El colgante todavía no ha sido presentado oficialmente. No hay precio, fecha exacta de lanzamiento ni diseño final. Meta tampoco ha comentado públicamente la información recogida por Reuters. Aun así, la compra de Limitless —una startup de IA—en diciembre de 2025 por parte de Meta permite entender hacia dónde puede ir el producto.

Esta startup centrada en wearables fabricaba un pequeño dispositivo llamado Pendant que se puede enganchar a la ropa o llevar alrededor del cuello. Su función principal era grabar conversaciones reales, transcribirlas y generar resúmenes desde una aplicación.

Dispositivo Pendant. | Limitless

Las reuniones dan un giro de 180 grados

El beneficio más claro es el ahorro de tiempo. Muchas reuniones terminan sin una decisión clara por la falta de orden. Un sistema capaz de resumir lo hablado puede ayudar a organizar mejor el trabajo diario. También puede ser útil para comerciales, periodistas, sanitarios o equipos que necesiten registrar ideas sin interrumpir la conversación.

El funcionamiento de otros dispositivos similares, como Plaud, muy utilizado actualmente en España, ayuda a entender el posible encaje del colgante de Meta. Estos aparatos suelen tener un uso laboral y, por tanto, se mueven en un marco de privacidad más regulado. Además, funcionan habitualmente con sistemas de suscripción que limitan el tiempo de grabación y transcripción, lo que reduce su uso a reuniones, entrevistas o situaciones concretas.

Otro punto importante es la memoria de estos sistemas. Un dispositivo así permitiría buscar qué se dijo exactamente, cuándo se habló de un tema y qué detalles se pierden con facilidad en la memoria humana.

Por qué Meta ha hecho este movimiento

Meta necesita reforzar su negocio del hardware. La compañía ya ha apostado por las gafas inteligentes junto a EssilorLuxottica, con modelos vinculados a marcas como Ray-Ban y Oakley. Ahora quiere ampliar esa estrategia a formatos del día a día.

El colgante es más discreto que unas gafas y está pensado, sobre todo, para captar audio. Además, abre la puerta a un posible mercado empresarial, añadiendo la venta de software, resúmenes, transcripciones y funciones de IA. Reuters ha señalado que Meta aspira a vender 10 millones de dispositivos ponibles en la segunda mitad de 2026. Para ello, el objetivo sería centrarse en las oficinas, aprovechando la inversión que suelen hacer las empresas en herramientas eficaces.

La gran barrera

Para funcionar, el colgante necesita escuchar.
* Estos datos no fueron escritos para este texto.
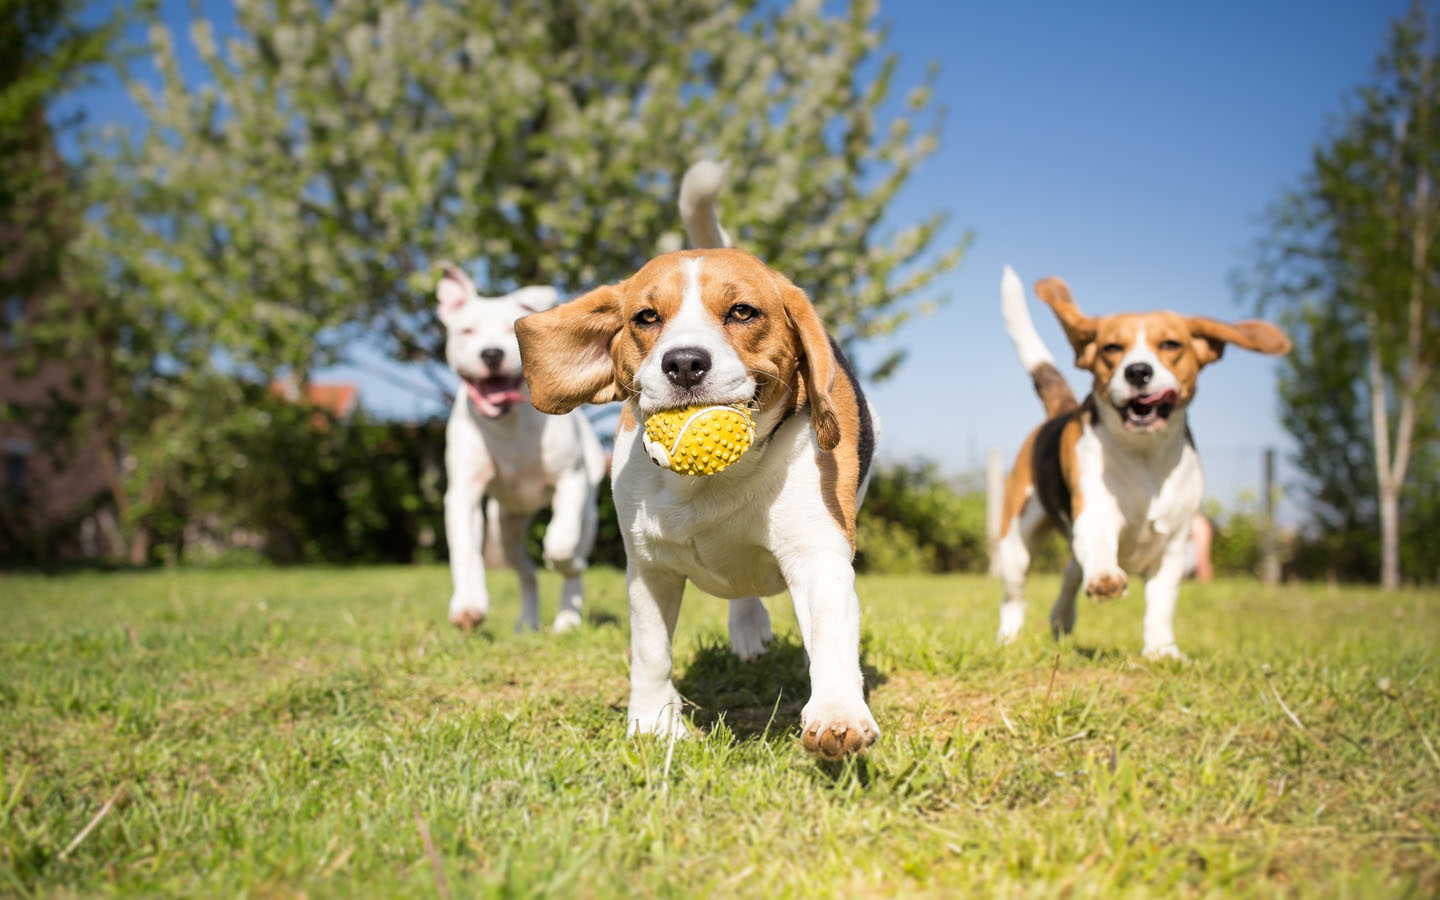 pet-friendly areas in dubai: dogs running with ball
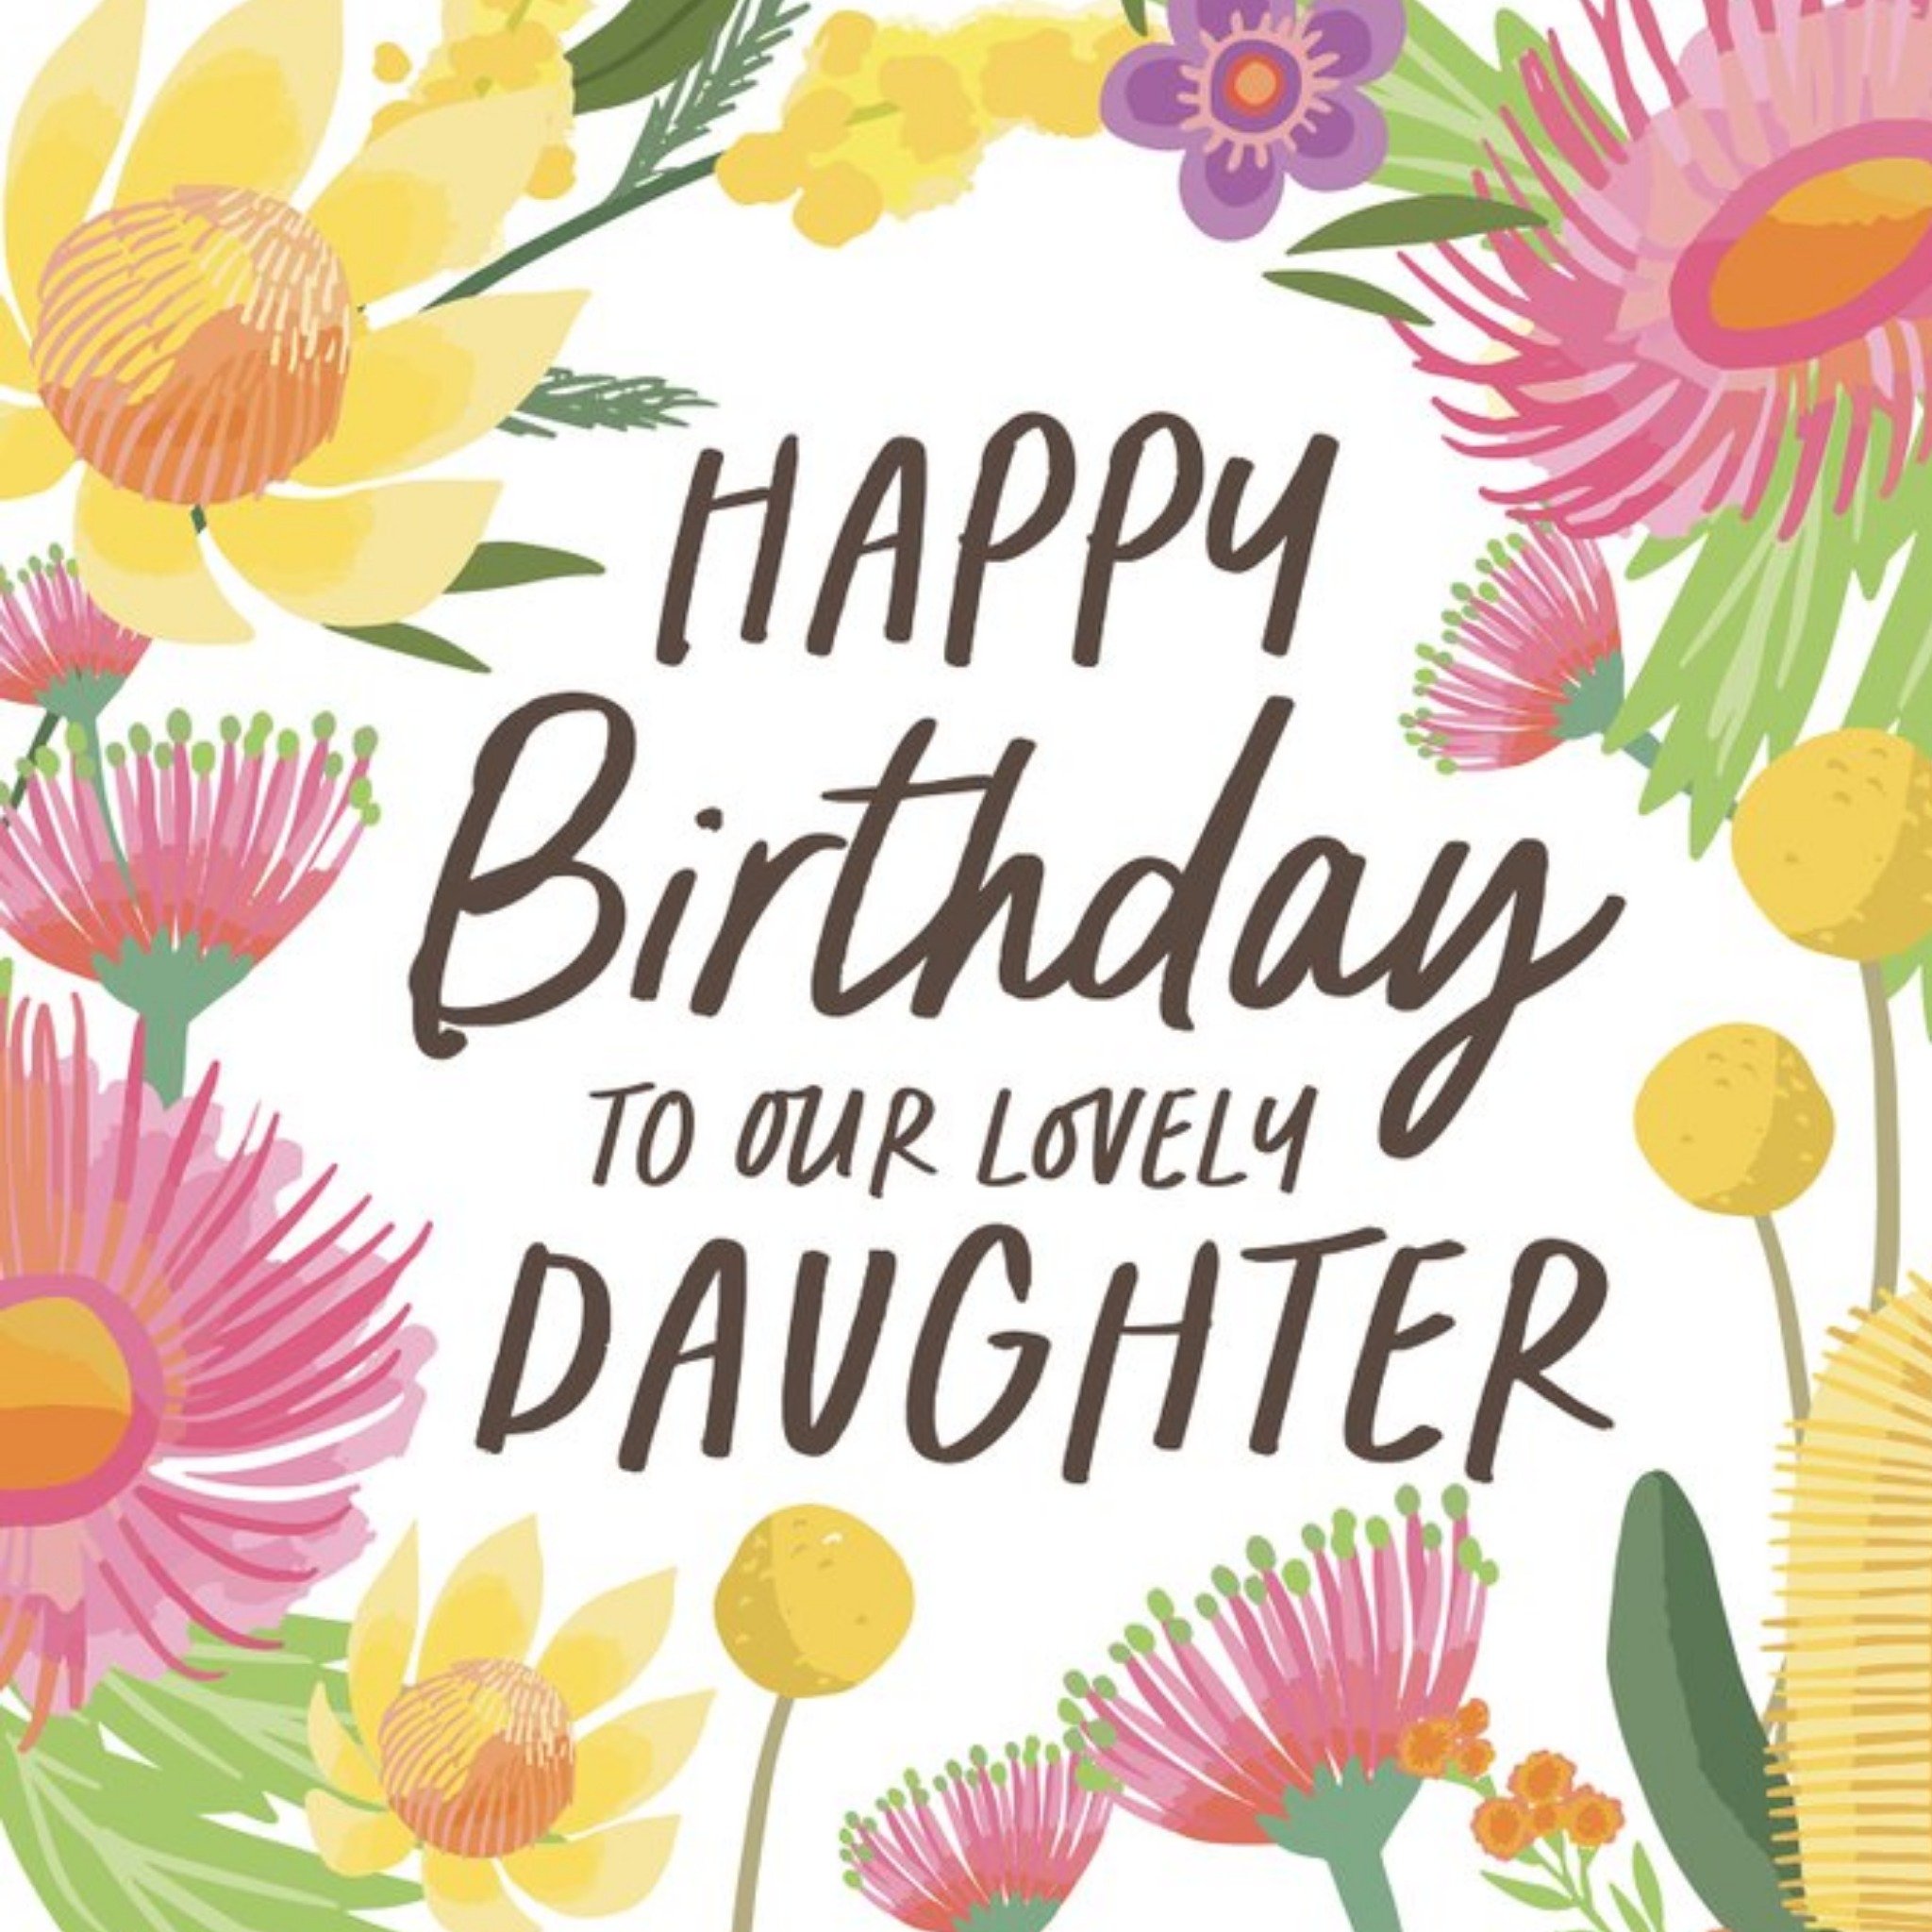 Moonpig Christie Williams Typographic Illustrated Floral Daughter Birthday Card, Square

Pero en el momento que las conversaciones quedan grabadas, ya sean de compañeros, clientes o personas desconocidas, se abre el gran debate legal. En Europa, y especialmente bajo el Reglamento General de Protección de Datos, el consentimiento debe ser claro, informado y vinculado a una finalidad concreta.

También existe un riesgo laboral. Un dispositivo pensado para resumir reuniones puede acabar siendo percibido como una herramienta de control. Si las transcripciones quedan en manos de la empresa, podrían usarse para evaluar rendimiento, revisar conversaciones o supervisar decisiones internas.